What the task asks: Copy out all the lines of the data precisely, omitting any pictures.

Data shown:
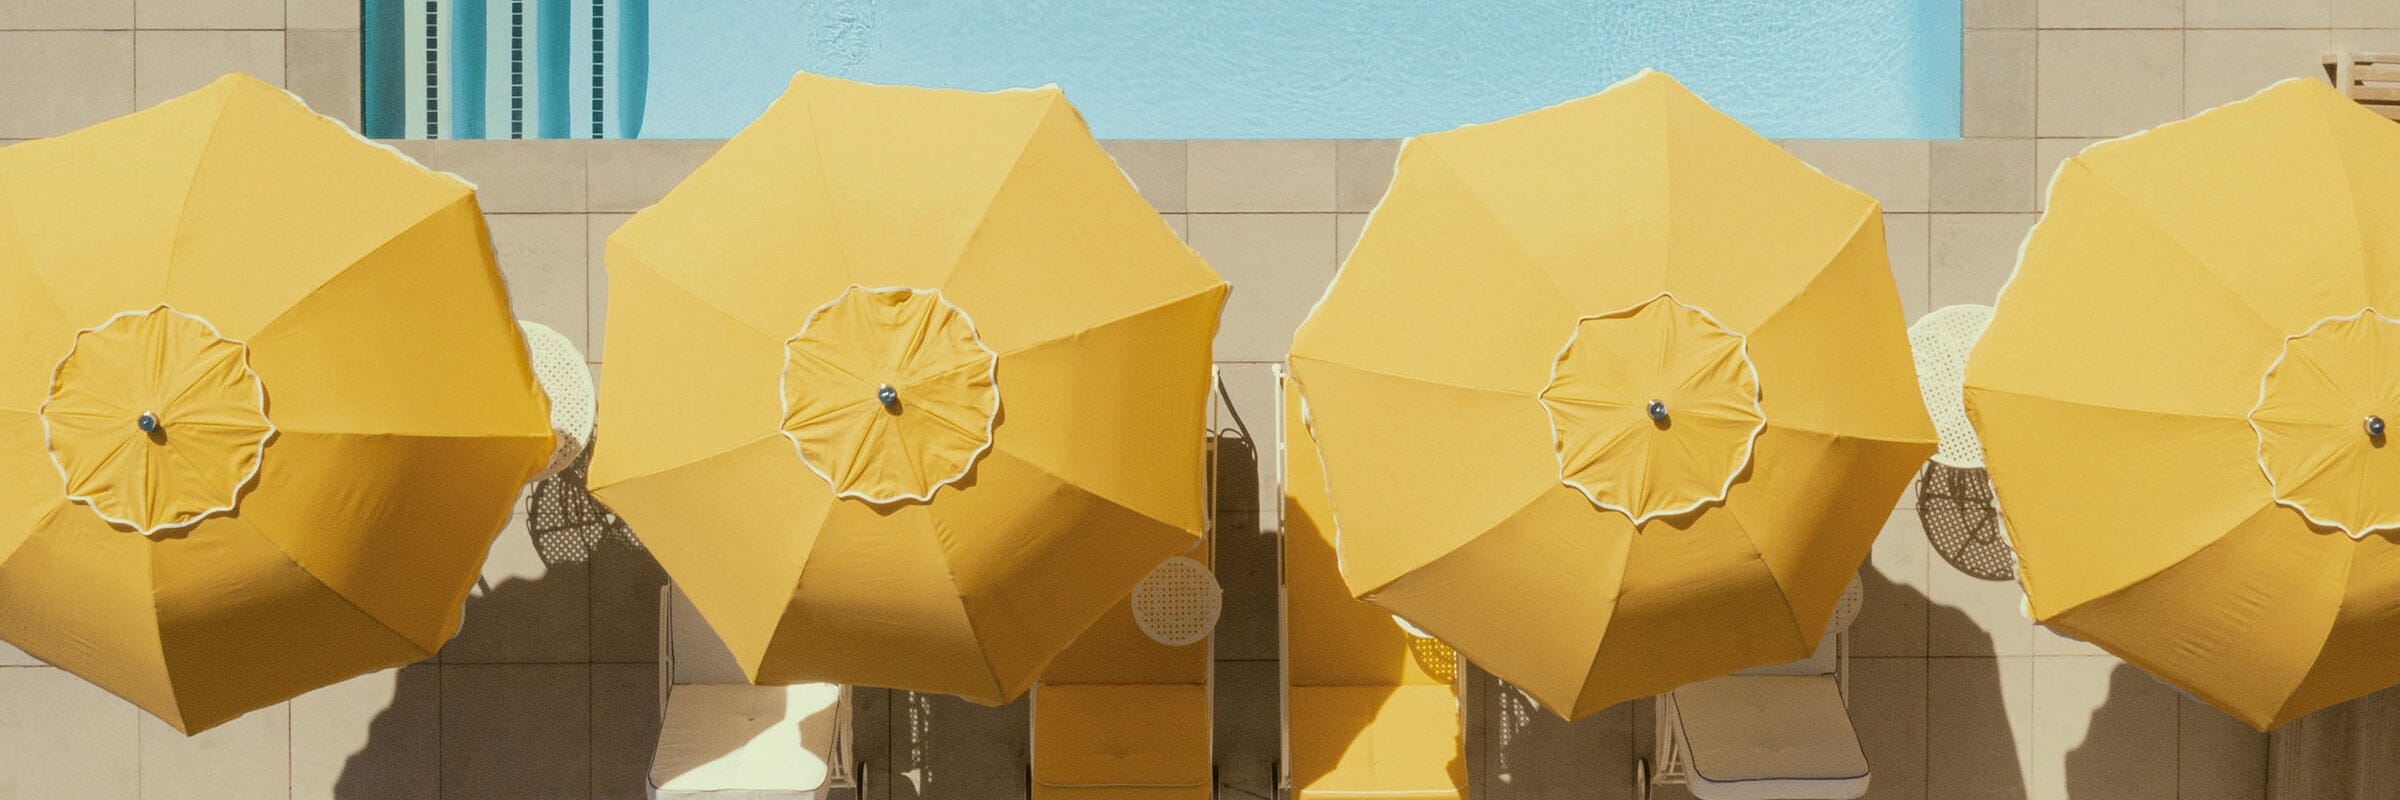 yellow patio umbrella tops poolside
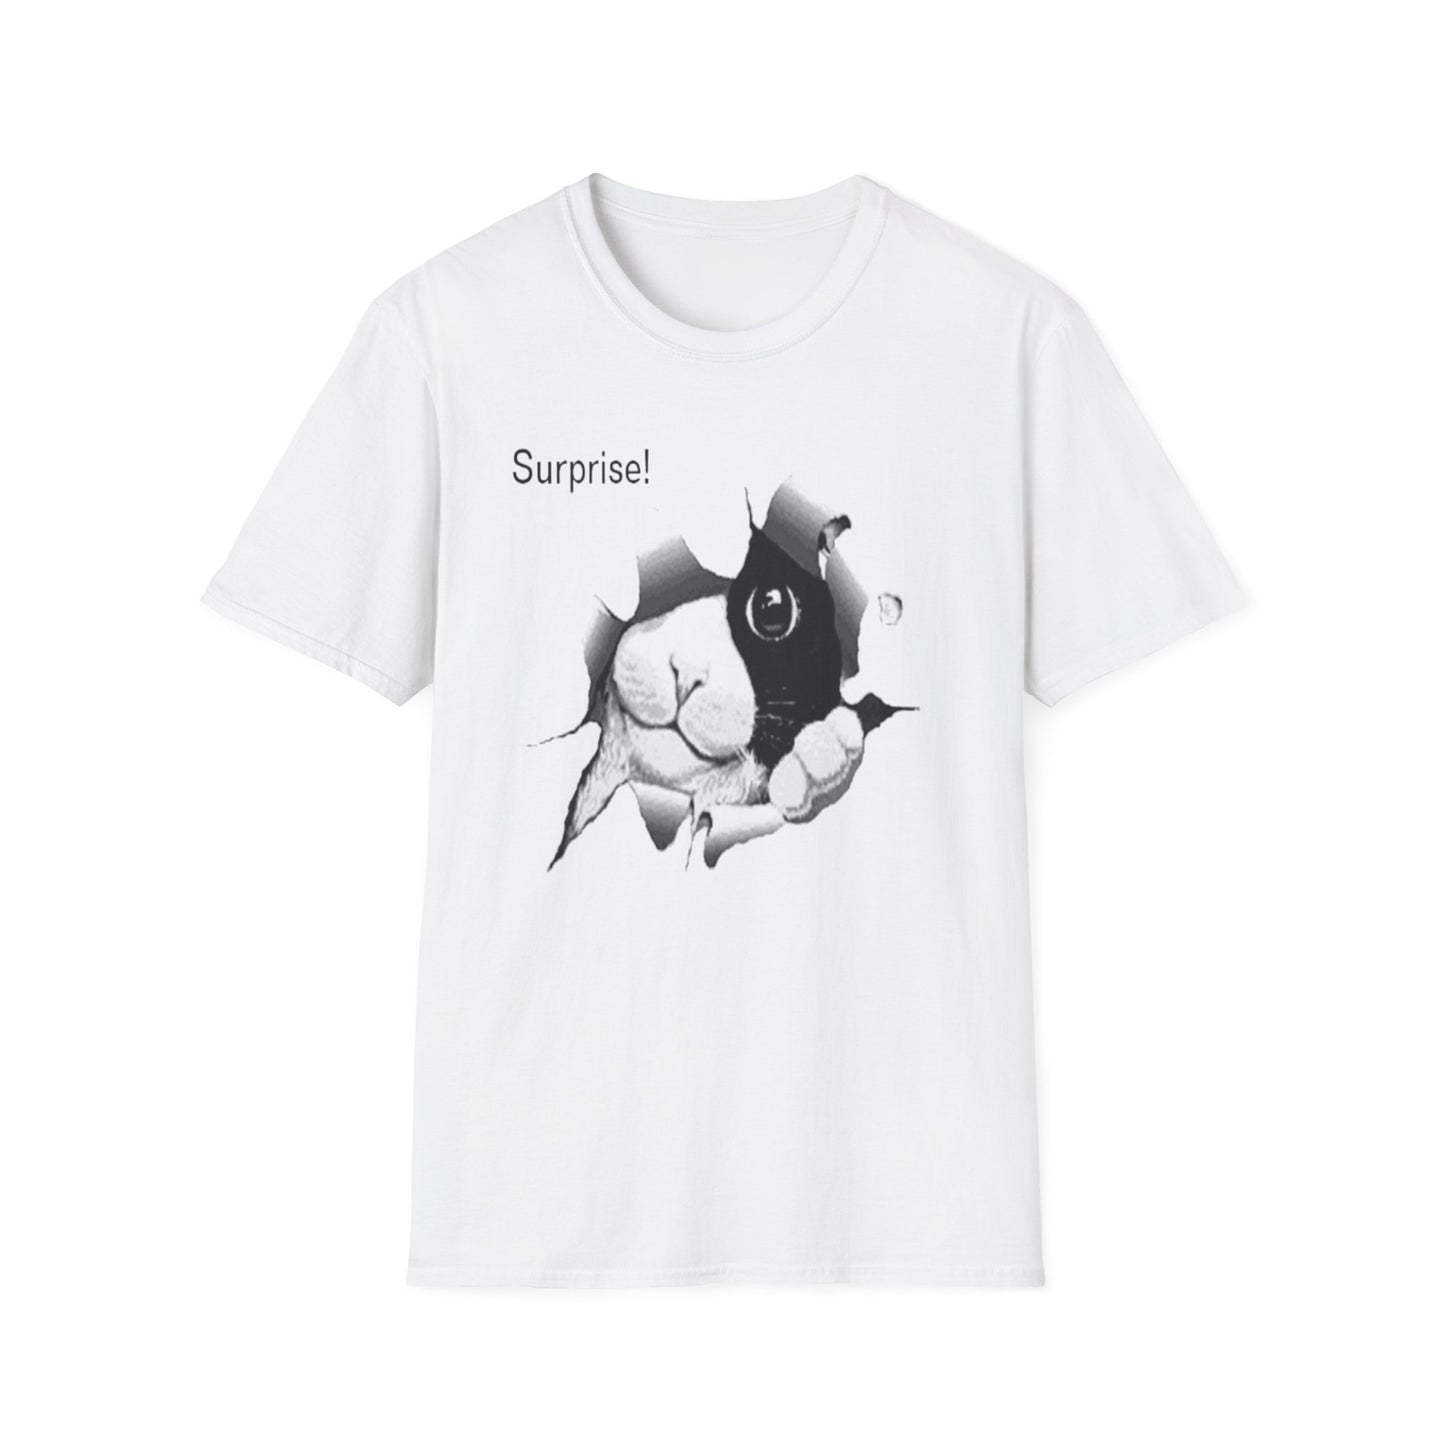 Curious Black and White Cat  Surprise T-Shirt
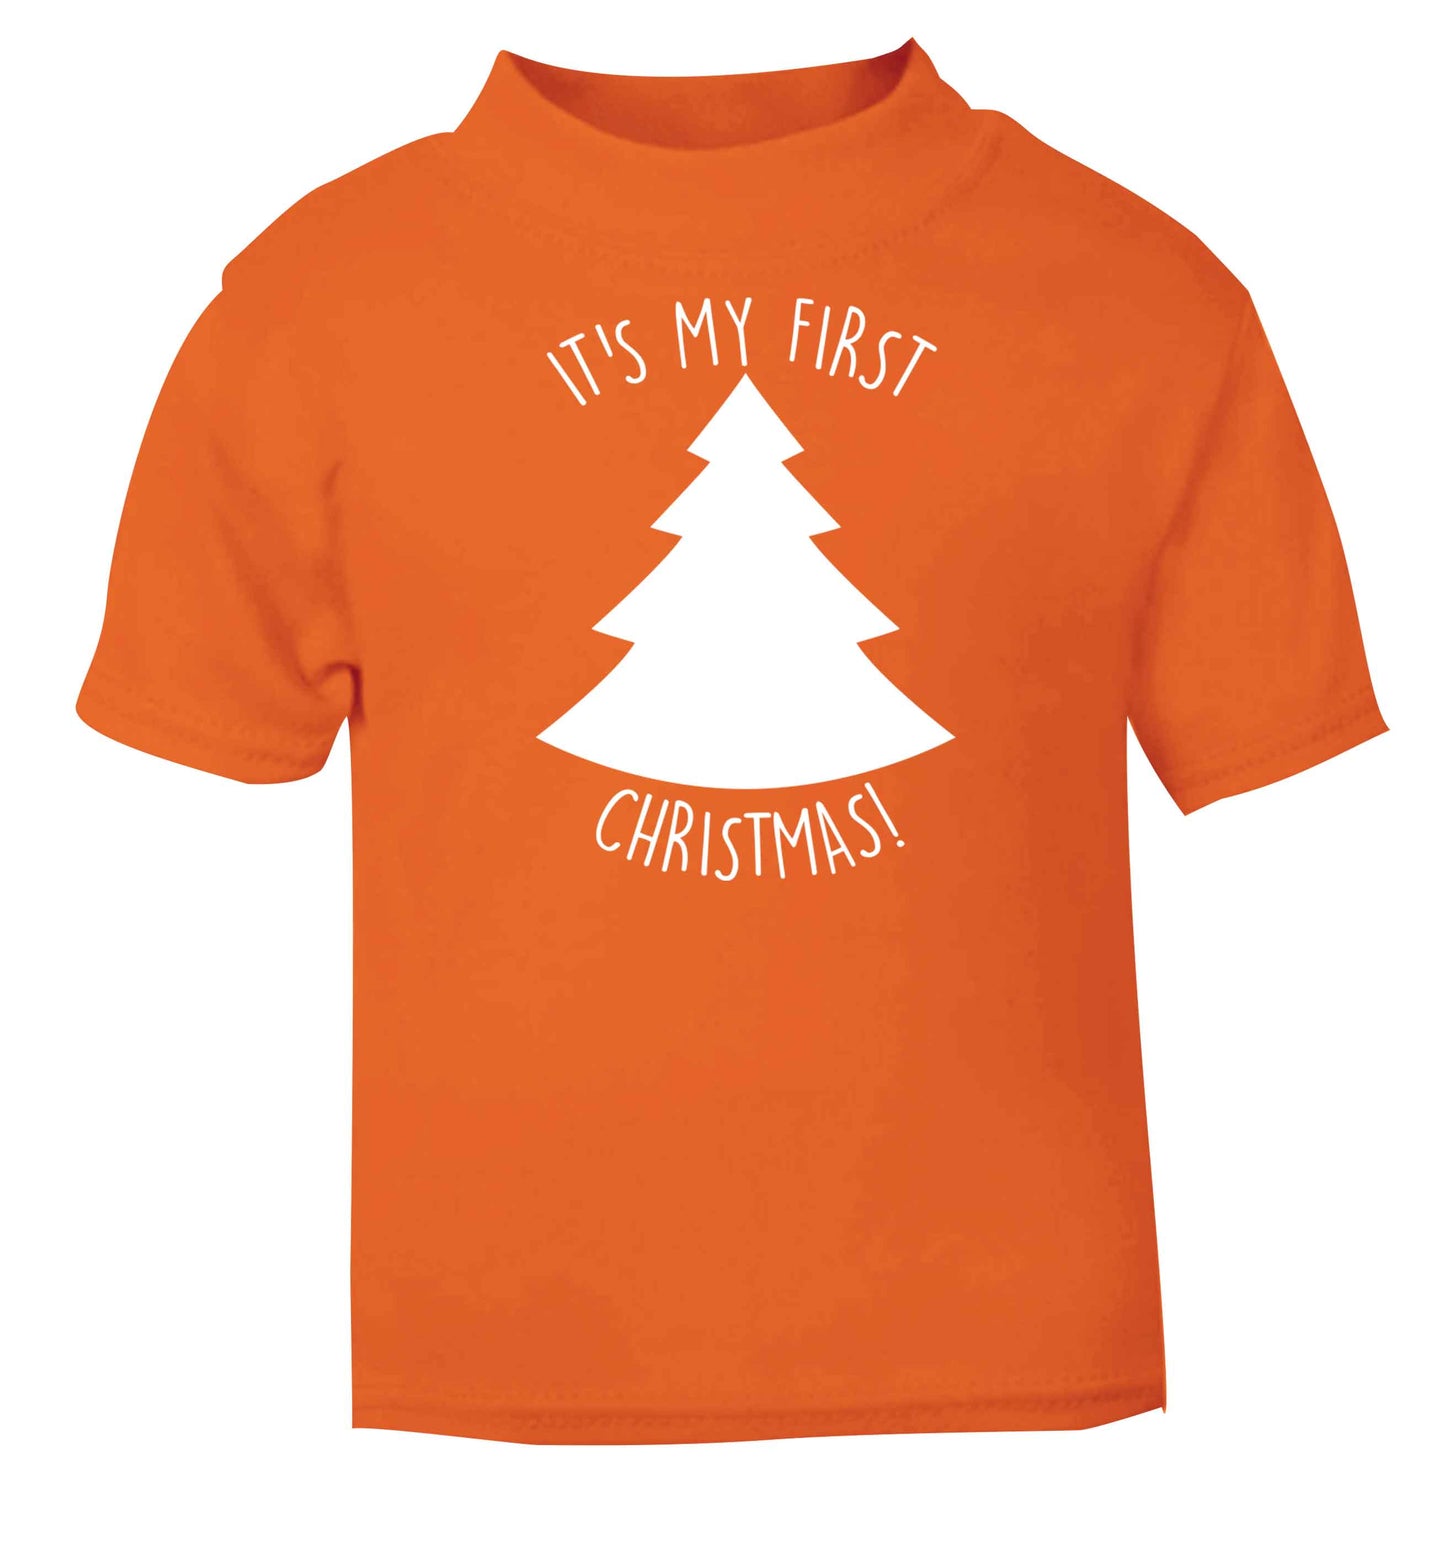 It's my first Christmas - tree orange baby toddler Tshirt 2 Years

Solution to the exercise:
 yellow patio umbrella tops poolside
 Curious Black and White Cat  Surprise T-Shirt
 It's my first Christmas - tree orange baby toddler Tshirt 2 Years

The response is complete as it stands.